Good god, an offer of a date from Pellini would put me right over the edge.
“Um, my schedule’s pretty packed right now,” I demurred. “Here’s the info I have.” I gave him a rundown of the basics with Idris, that he was missing, family name, vitals, told him we’d stumbled across the ID on Amber while researching Idris’s family. Everything I told him was true, but guilt nagged. I knew a lot more that I wasn’t telling him, but I couldn’t do so without delving into demons and lords and general weirdness.
He listened, asked a few questions. When it was time to hang up, he didn’t. “Maybe when your schedule clears up we can get a beer?”

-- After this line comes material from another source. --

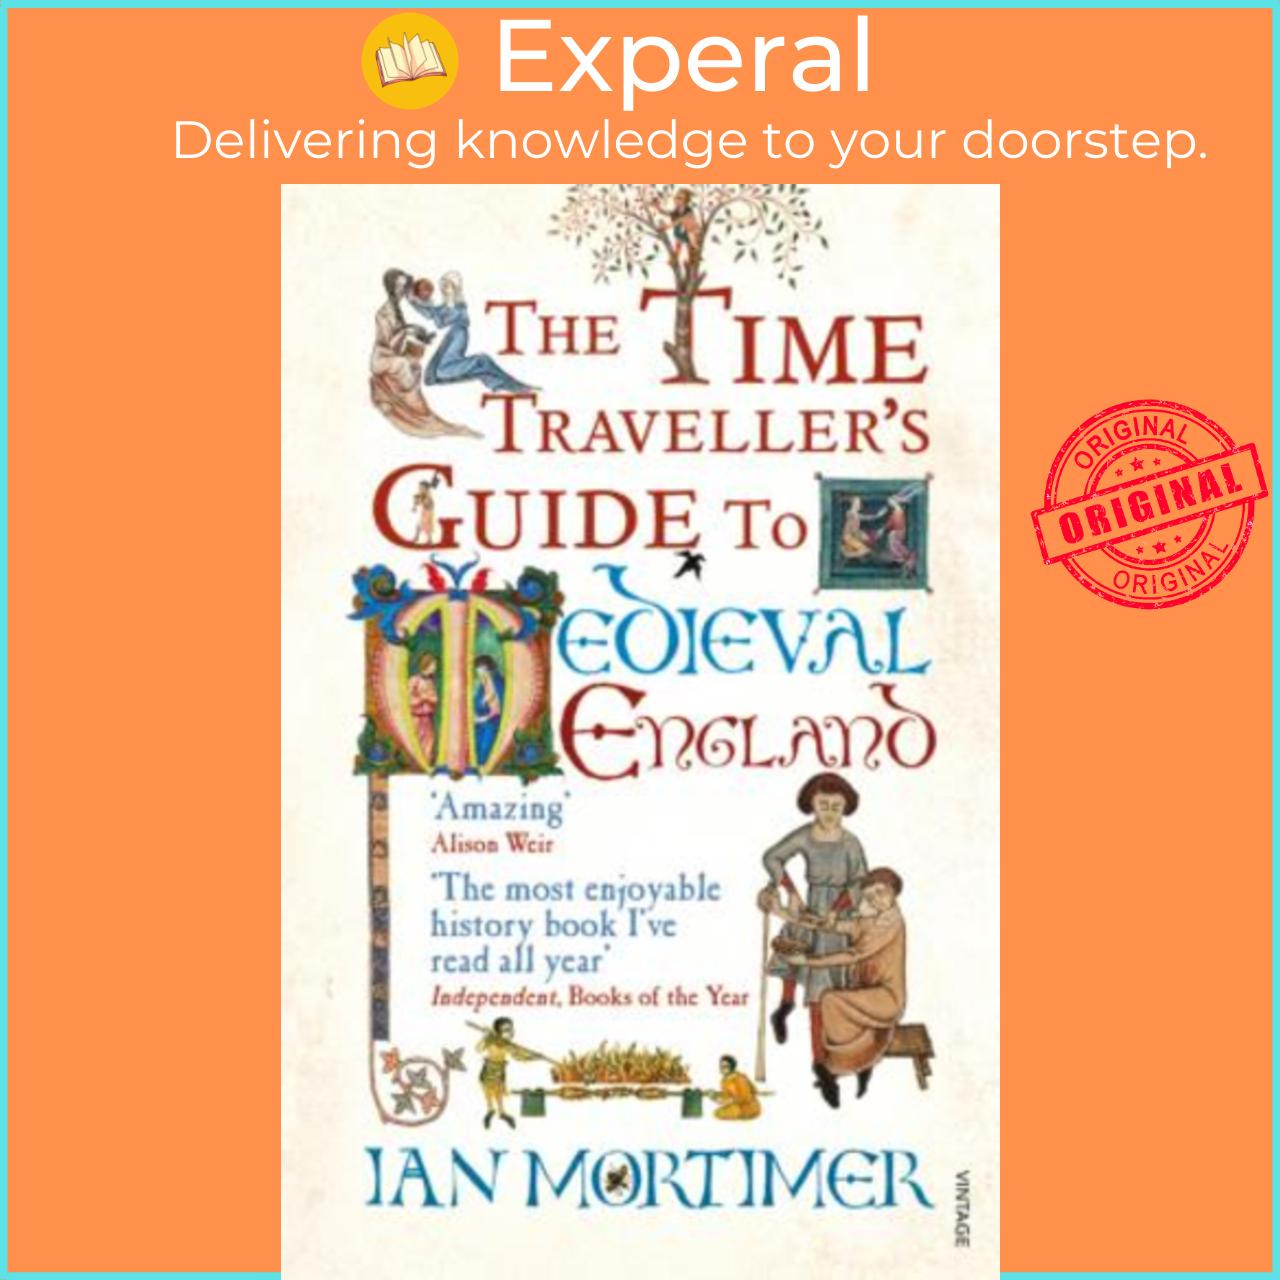 Sách - The Time Traveller's Guide to Medieval England : A Handbook for Visitors  by Ian Mortimer (UK edition, paperback)

“Uh,” I said in a brilliant delaying tactic. “Sure. We’ll talk about it then.” I disengaged quickly and hung up, more than a little weirded out by his persistence. Was it because I was in better shape now, or was the reason more sinister? Then again, his desire to be friendly could just as easily be completely benign. Last year, after a particularly ugly incident, Ryan had influenced both Pellini and Boudreaux to lighten up and not be such assholes to me, and since then the two had been far less hostile. Perhaps Ryan’s little tweak had started a chain reaction of don’t-be-a-dick.
I was drying the last of the breakfast dishes when Ryan emerged from the basement, dressed for work, empty coffee cup in hand. “We’ve sent the info on to Pellini and Boudreaux.”
“Thanks. Pellini will be glad to get it,” I said then scrunched my face. “He wanted me to meet him for lunch.”
Ryan let out a snort of laughter. “Lunch with Pellini? That’s a first.”
“He wanted to talk about the case, but I gave him the non-demon facts over the phone. There’s not all that much.” I shrugged, frowned. “He’s acting a little weird, though he’s not being a total asstard the way he used to.”